Plant power: 3 ways how nature’s inherent abilities can solve the biggest issues of our time

Rachael Pells

Contributing writer

From lighting up spaces to cleaning the soil from harmful metals, plants have incredible inherent powers that could help heal the planet and its inhabitants. These three shining examples of bioengineering lead the way.

What if we could go back to the very beginning of manufacturing technologies and create a new material that was fully sustainable, made from natural products? Well, we don’t have to: wood and plants are the super-materials already providing brand new solutions to age-old problems.

In recent years, genomic research and gene editing technologies are helping scientists to make better use of plants’ abilities by genetically enhancing to perform their existing superpowers better.

“Thanks to advances in technology, we can design a path the plant wouldn’t normally take, and transform its structure,” says Dr. Amanda Cavanagh, lecturer and plant biologist at the University of Essex. “For example, we can take a look at the way a food crops’ wild ancestor does something desirable, like survive heat better, and introduce that gene back into the selected plant.”

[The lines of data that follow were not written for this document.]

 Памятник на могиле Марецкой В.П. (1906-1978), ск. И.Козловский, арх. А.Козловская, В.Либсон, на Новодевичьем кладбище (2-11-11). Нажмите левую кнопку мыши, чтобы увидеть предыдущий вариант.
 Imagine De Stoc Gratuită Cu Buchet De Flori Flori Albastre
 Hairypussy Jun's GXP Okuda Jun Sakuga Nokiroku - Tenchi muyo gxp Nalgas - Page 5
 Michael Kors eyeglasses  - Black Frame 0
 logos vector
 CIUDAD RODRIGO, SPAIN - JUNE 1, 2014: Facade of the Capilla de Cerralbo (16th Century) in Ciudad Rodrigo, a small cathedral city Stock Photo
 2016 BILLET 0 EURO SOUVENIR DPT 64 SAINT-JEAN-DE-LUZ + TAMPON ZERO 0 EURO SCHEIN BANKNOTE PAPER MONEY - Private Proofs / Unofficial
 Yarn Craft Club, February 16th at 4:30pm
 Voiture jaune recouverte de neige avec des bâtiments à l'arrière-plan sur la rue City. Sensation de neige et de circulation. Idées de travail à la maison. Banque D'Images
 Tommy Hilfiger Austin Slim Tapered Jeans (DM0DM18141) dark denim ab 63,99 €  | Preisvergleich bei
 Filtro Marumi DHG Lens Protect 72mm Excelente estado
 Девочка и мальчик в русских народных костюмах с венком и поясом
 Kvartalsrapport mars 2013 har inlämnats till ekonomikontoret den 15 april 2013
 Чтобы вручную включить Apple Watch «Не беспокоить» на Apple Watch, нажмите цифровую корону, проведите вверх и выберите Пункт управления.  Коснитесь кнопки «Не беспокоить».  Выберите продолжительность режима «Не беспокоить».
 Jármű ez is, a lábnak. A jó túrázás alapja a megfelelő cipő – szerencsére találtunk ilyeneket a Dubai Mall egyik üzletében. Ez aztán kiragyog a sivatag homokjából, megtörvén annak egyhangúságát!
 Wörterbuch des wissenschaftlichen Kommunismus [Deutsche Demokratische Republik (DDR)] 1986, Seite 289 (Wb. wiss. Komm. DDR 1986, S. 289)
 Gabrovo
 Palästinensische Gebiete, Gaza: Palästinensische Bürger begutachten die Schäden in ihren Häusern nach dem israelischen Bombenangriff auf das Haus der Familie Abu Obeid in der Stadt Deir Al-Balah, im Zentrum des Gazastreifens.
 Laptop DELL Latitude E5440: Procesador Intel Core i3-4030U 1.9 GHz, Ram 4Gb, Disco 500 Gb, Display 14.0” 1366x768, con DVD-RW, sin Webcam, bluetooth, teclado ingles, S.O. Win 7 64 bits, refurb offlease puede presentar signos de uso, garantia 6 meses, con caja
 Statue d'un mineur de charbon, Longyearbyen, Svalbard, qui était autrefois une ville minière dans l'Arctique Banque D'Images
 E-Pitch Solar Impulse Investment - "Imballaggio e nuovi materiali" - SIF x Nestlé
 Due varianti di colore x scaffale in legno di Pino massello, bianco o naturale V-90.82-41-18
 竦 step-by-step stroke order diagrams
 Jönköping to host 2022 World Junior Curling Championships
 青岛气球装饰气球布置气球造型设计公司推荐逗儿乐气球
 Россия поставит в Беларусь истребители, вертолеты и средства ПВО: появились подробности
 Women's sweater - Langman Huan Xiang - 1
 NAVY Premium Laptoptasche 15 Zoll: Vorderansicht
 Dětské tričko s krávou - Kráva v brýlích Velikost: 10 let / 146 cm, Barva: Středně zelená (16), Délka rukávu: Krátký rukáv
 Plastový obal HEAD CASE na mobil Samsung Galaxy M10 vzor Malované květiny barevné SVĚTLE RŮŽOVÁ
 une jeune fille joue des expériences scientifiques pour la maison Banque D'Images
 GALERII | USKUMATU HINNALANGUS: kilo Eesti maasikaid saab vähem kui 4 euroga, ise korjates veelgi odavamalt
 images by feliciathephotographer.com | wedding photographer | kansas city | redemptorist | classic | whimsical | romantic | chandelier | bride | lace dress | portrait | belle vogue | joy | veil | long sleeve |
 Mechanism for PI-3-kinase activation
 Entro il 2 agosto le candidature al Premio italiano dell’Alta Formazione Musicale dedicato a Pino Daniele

Cavanagh refers to bioengineering, a field of science that mimics or modifies biological processes. While nothing is risk-free, recent developments in the field offer great promise for standing up to major issues facing our society.

Instead of waiting for natural selection to happen over many generations, scientists are effectively hurrying the plants along in becoming stronger and smarter – more efficient at photosynthesis, for example. The next three initiatives will remind us to take a moment and marvel at all the wonderful things nature can help us reach.

Trees against climate change: capturing carbon straight from the air

1. Trees against climate change: capturing carbon straight from the air

When it comes to carbon dioxide emissions, a potential savior can be found closer than anticipated: in nature. By tapping into the genes of plants that are especially effective at carbon storage, scientists can encourage more species to use that trait more effectively. Enter Living Carbon, a San Francisco based startup that removes carbon from the atmosphere.

“We believe we can draw down around two percent of global carbon dioxide emissions by 2050 using approximately 13 million acres of land. Meanwhile, there are up to 133 million acres of reforestation opportunity in the United Sates,” says Maddie Hall, CEO and co-founder of Living Carbon.

The company takes genes derived from plants that already naturally store carbon efficiently and uses them to apply this trait to other plants. When trees store carbon dioxide in their tissues, their cells go through a process called photorespiration. This is what breaks down the carbon compound, Hall explains.

“Photorespiration is an inefficient process in plants: some carbon dioxide is released rather than fixed into the plant tissue,” she explains. “A small minority of plants have evolved the ability to fix carbon dioxide more efficiently without undergoing this wasteful process. Our plants behave similarly.”

Scientists are effectively hurrying the plants along in becoming stronger and smarter.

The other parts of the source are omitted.